Ovviamente il confessore non parlò di ciò che aveva udito in Confessione, ma sospettando quel che poteva essere successo fece di tutto per ritrovare quella donna. Quando arrivò presso la sua abitazione, venne a sapere che era morta appena rientrata in casa. Saputa la cosa, quel buon Sacerdote si rattristò e pregò per la defunta. Questa gli apparve in mezzo alle fiamme e gli disse: “Io sono quella donna che si è confessata questa mattina; ma ho fatto un sacrilegio. Avevo un peccato che non mi sentivo di confessare al sacerdote del mio paese; Dio mi mandò te, ma anche con te mi lasciai vincere dalla vergogna e subito la Divina Giustizia mi ha colpito con la morte mentre entravo in casa. Giustamente sono condannata all’inferno!“.
Dopo queste parole si aprì la terra e fu vista precipitare e sparire."
Sant’Alfonso de Orozco (1500 – 1591) descrisse un episodio simile che riguardava la figlia d’un illustre nobile la quale, per aver omesso un grave peccato persino in punto di morte, venne inesorabilmente condannata eternamente.
Natuzza Evolo (1924 – 2009), parlando d’un suo contemporaneo da poco deceduto, affermò che egli, nonostante l’apparente vita esemplare che conduceva, era stato dannato per aver dimenticato volontariamente dei peccati gravi.

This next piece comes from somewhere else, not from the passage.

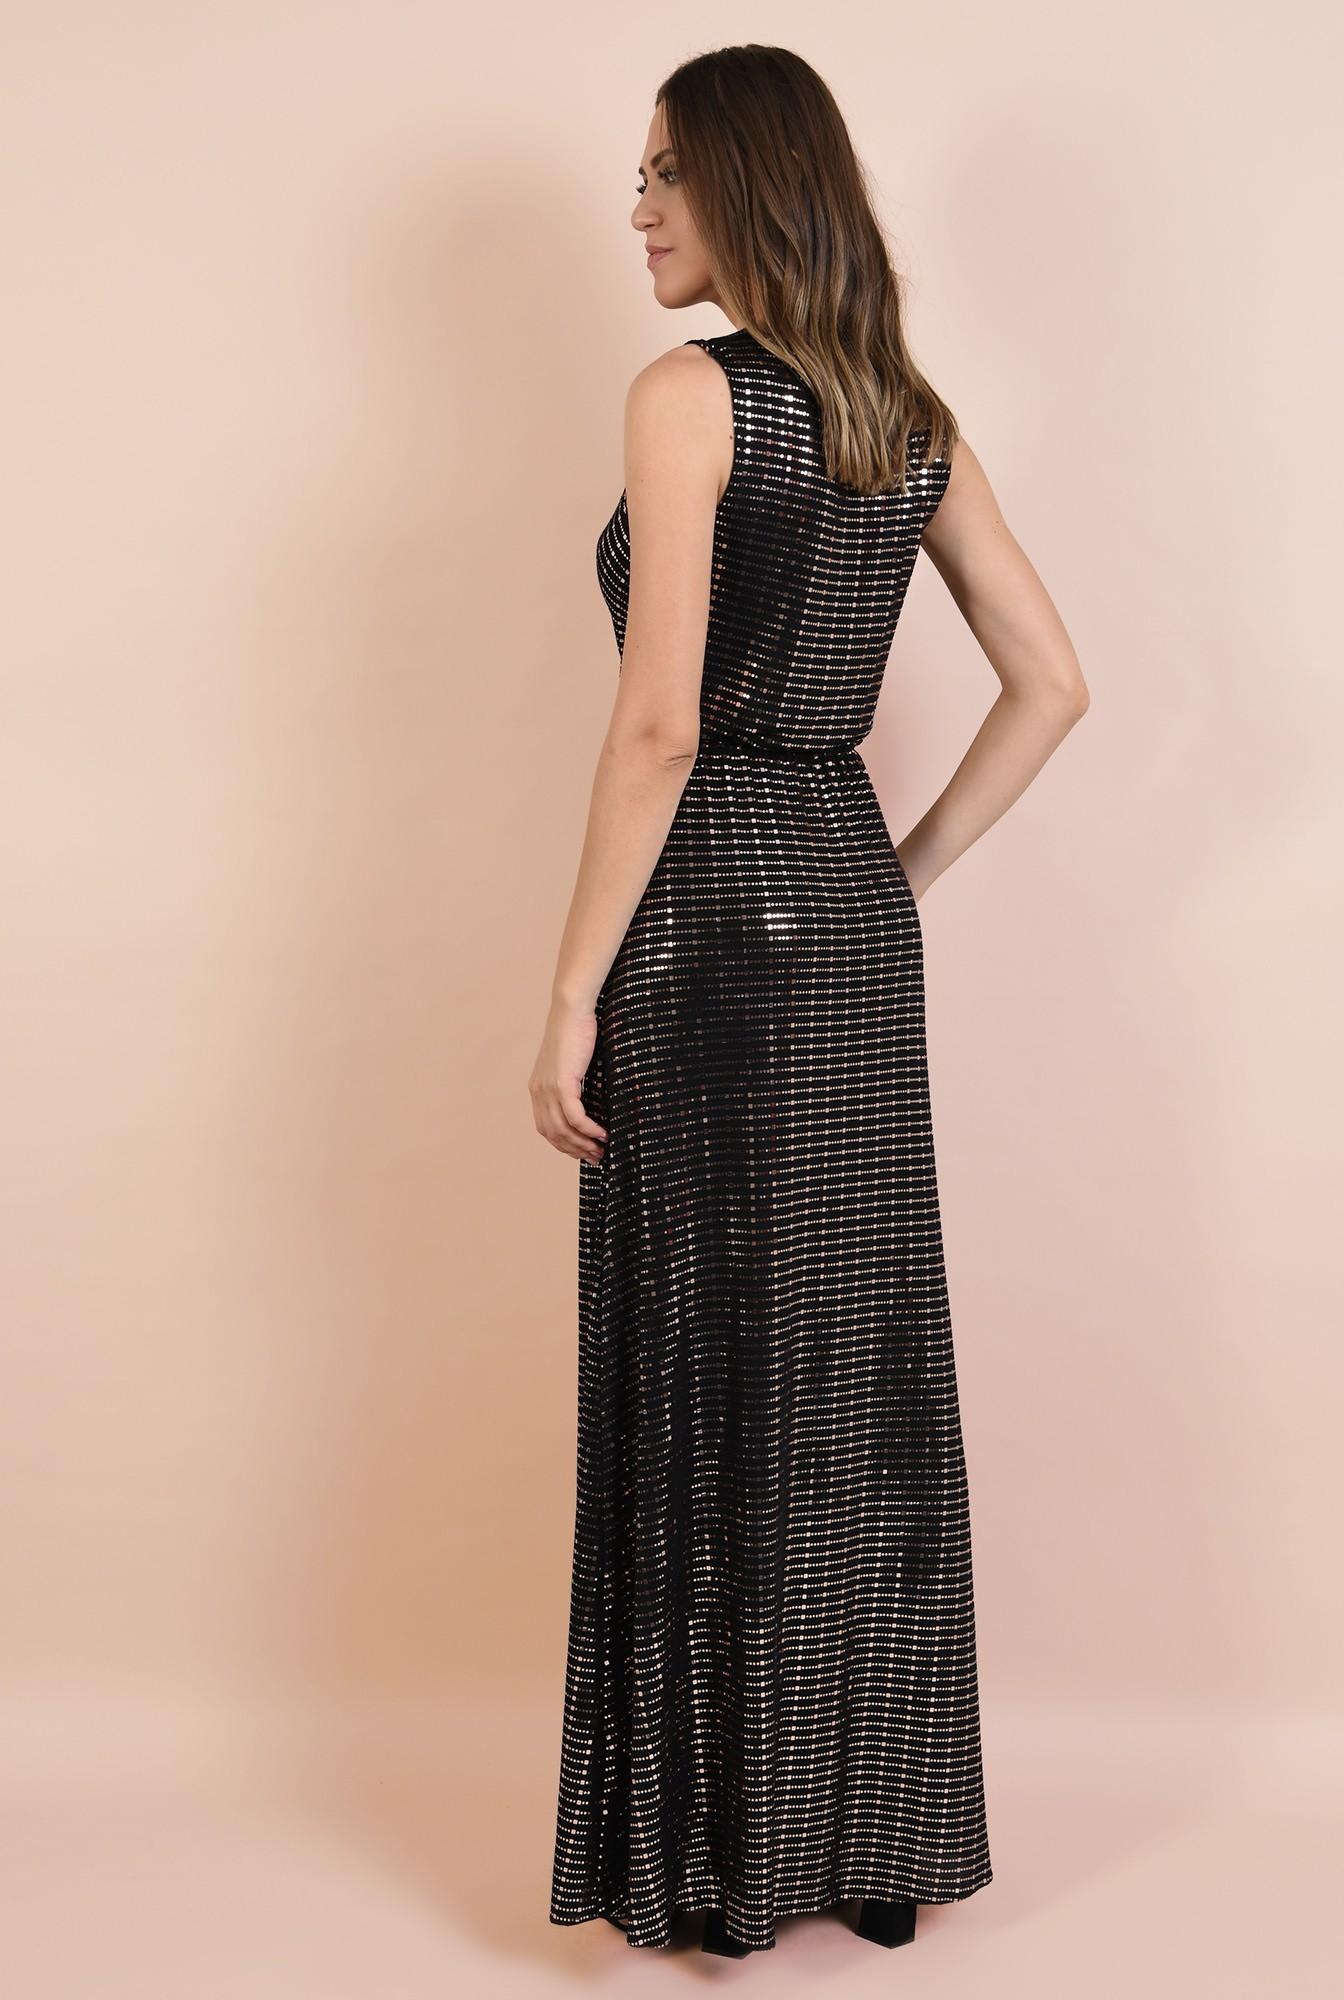 1 - 360 - rochie de seara, lunga, din lurex cu detalii aurii, anchior, croi petrecut, Poema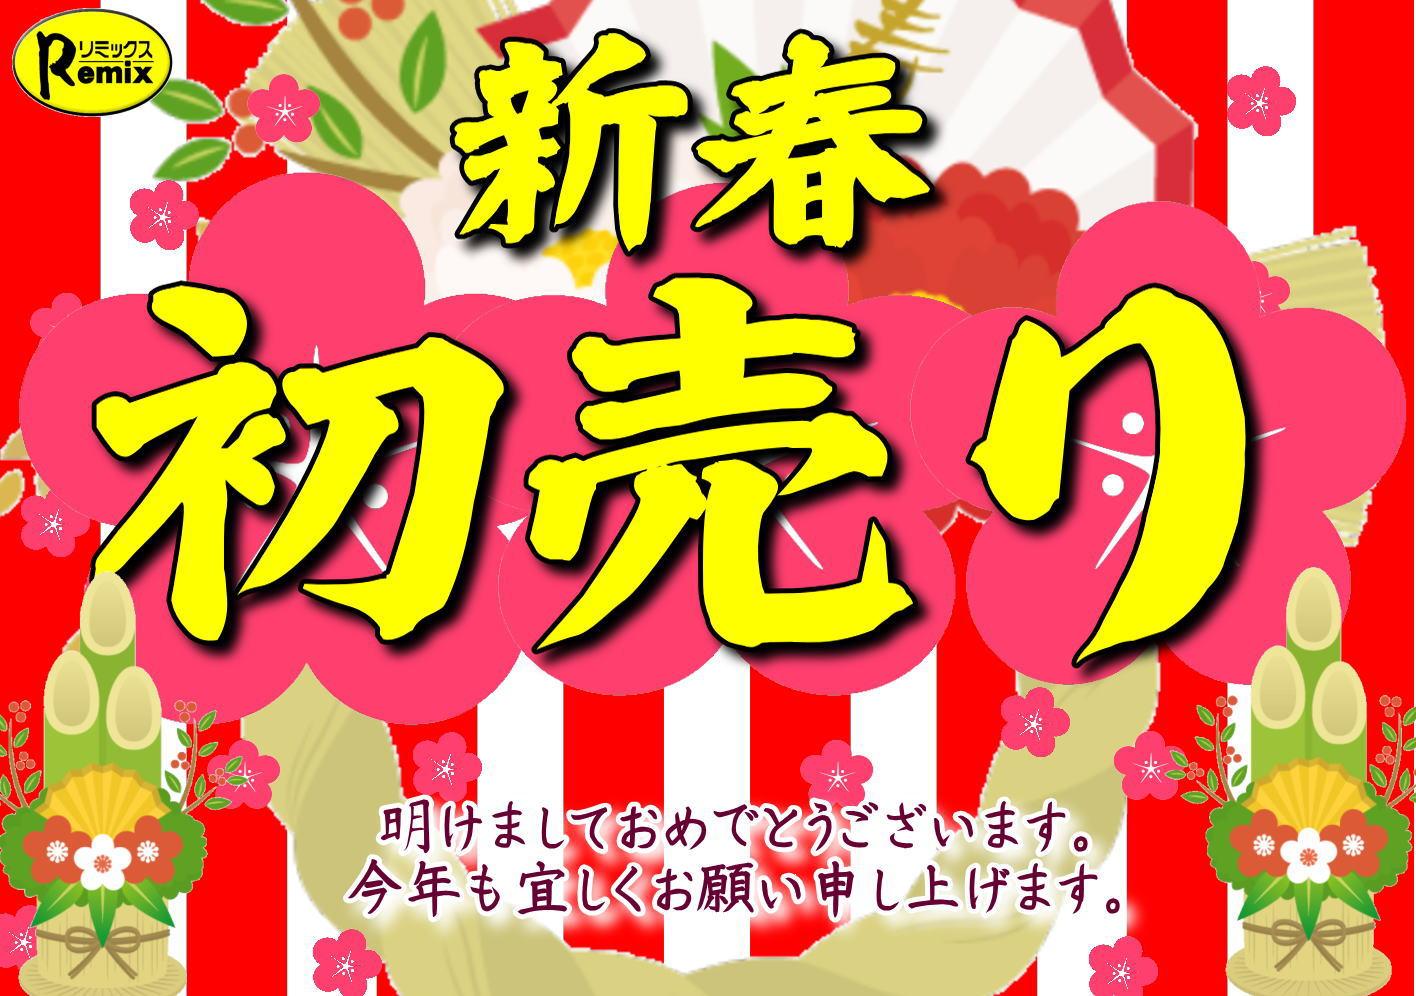 さぁ仕事始め!新春初売り始まってます!

Santa Teresa d’ Avila (1515 – 1582), tramite una visione, ricevette un monito urgente da diffondere ai fedeli riguardo la pericolosità di questo tipo di sacrilegio:
(…) ed ecco, ad un tratto, spalancarsi innanzi agli occhi una voragine profondissima tutta ripiena di fuoco e di fiamma, e laggiù cadere abbondantissime, come la neve d’ inverno, le povere anime. Spaventata, santa Teresa alza gli occhi al cielo e dice :”Mio Dio, mio Dio! Che cosa vedo mai? Chi sono tutte quelle anime che vanno perdute? Saranno certamente anime di poveri infedeli…”.
“No, Teresa – rispose Gesù – no! Sappi: quelle anime che vedi in questo momento andare all’ inferno per mia permissione, sono tutte anime di cristiani come te”.
Teresa ancora più stipita intervenne: “Ma saranno anime di gente che non credevano, che non praticavano la religione, che non frequentavano i Sacramenti…”.
“No, Teresa, no! Sappi che sono anime di cristiani battezzati come te, che come te credevano e praticavano…”.
“Ma allora non si saranno confessati mai, neppure in punto di morte”.
“No, sono anime che si confessavano e si sono confessate anche in punto di morte…”, dice Gesù.
“Come, o mio Dio, vanno dannate?”.
“Vanno dannate perchè si confessano male!…Và, o Teresa, racconta a tutti questa visione e scongiura Vescovi e Sacerdoti di non stancarsi mai di predicare sul rischio delle confessioni mal fatte, onde i miei cari cristiani non abbiano a convertire la medicina in veleno e servirsi in male di questo sacramento, che è il sacramento della misericordia e del perdono”.
La Santa volle in seguito precisare che per “confessioni mal fatte” non si intendono solo quelle costellate da omissioni volontarie, ma anche quelle fatte con poca fede, nessuna intenzione di cambiare vita o, perlomeno, cambiare quei piccoli aspetti del carattere che andrebbero modificati.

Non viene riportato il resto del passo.